His statement also addressed criticism stemming from the release last week of testimony before investigators in New York Attorney General Andrew Cuomo's office, in which Lewis said he was pressured by
Chairman Ben Bernanke, and then-Treasury Secretary Henry Paulson to complete the
Lewis indicated to the investigators that Bernanke and Paulson said BofA would have to complete the deal to support the financial system and broader economy. Some investors felt BofA leadership had shirked its duty to protect shareholder value. Lewis said the deal was not completed out of an "inflated sense of altruism or patriotism at the expense of shareholders."
"My view is that for the largest bank in the country, there is little difference between our shareholders' interest and our country's interest," Lewis said.
He added that while BofA shares have lost significant value, the Merrill acquisition is not the sole cause of the stock slump.
"To think that without Merrill that our stock price and dividend would be where it was in September is terribly mistaken," he said, noting that Merrill contributed $3.7 billion to BofA's first-quarter bottom line.
Still, BofA received an additional $20 billion to cover Merrill's losses, giving the government an expanded stake and effectively placing the bank in the same league as troubled competitor Citigroup, at least in the public eye.

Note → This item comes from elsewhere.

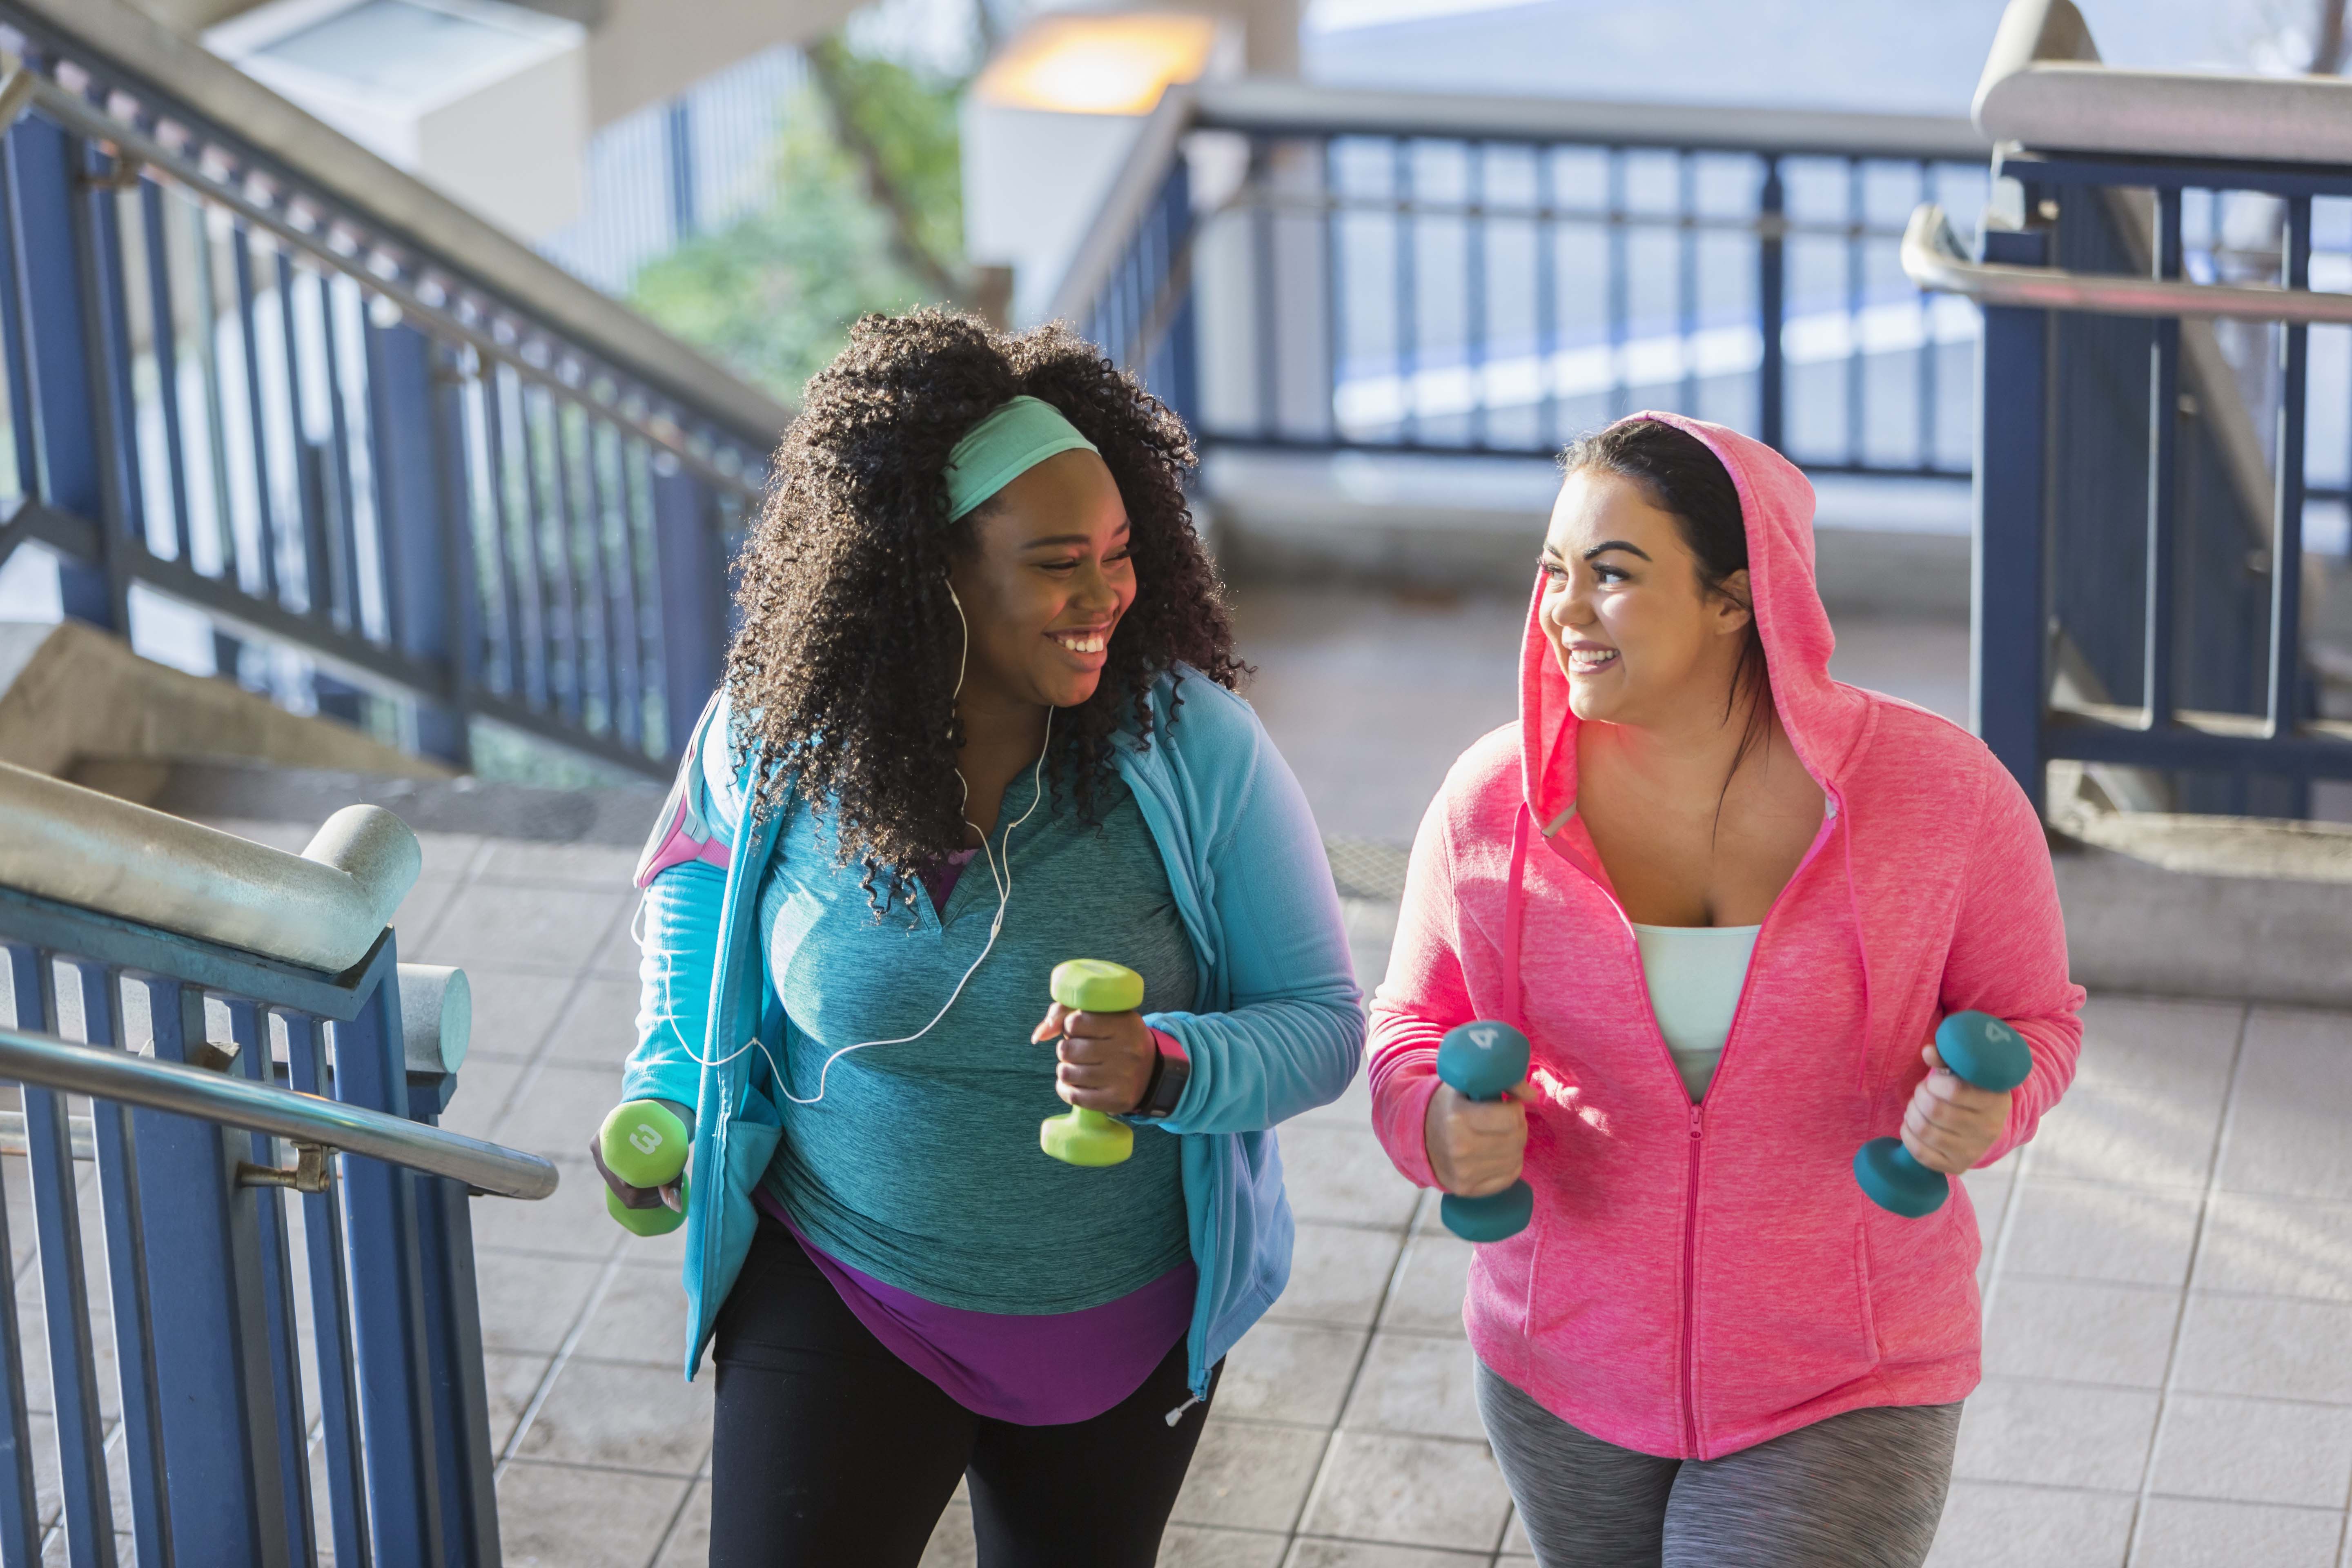 Two multi-ethnic young women exercising together. They are looking at each other, smiling, as they climb a staircase holding hand weights.

Details of neither Merrill's deteriorating loan portfolio --which caused over $15 billion in fourth-quarter losses -- nor the $3.6 billion in bonuses it distributed for 2008 were disclosed to shareholders before they approved the deal.
The Merrill deal also opened BofA up to public angst over bonuses distributed at the struggling investment bank immediately before it was acquired, as well as lawsuits and an investigation by Cuomo. Those woes come on top of issues in Bank of America's own legacy assets, which stand to weaken if unemployment sails higher and the economy continues to worsen.
While the company topped expectations with a
first-quarter profit of $4.2 billion, it also set aside $13.4 billion for near-term credit losses. BofA still holds nearly $70 billion in "key capital-markets risk exposures" from Merrill Lynch, like super-senior collateralized debt obligations, or CDOs, and credit default swaps, or CDS.
Though none besides the chairman-CEO split were approved, some other shareholder proposals touched on hot-button issues and received relatively strong support. A proposal for special stockholder meetings received 49.4% of votes in favor, an executive compensation advisory proposal won 40.1% in favor, a cumulative voting proposal won 37.8%, a proposal on predatory credit card practices won 33.4% and a proposal on limiting executive compensation won 26.8%.
By comparison, a proposal on disclosure of government employment garnered just 7.8% of votes in favor, and one on health-care reform received just 7.5% of votes in support.
Staff reporter Ted Reed in Charlotte, N.C. contributed to this report.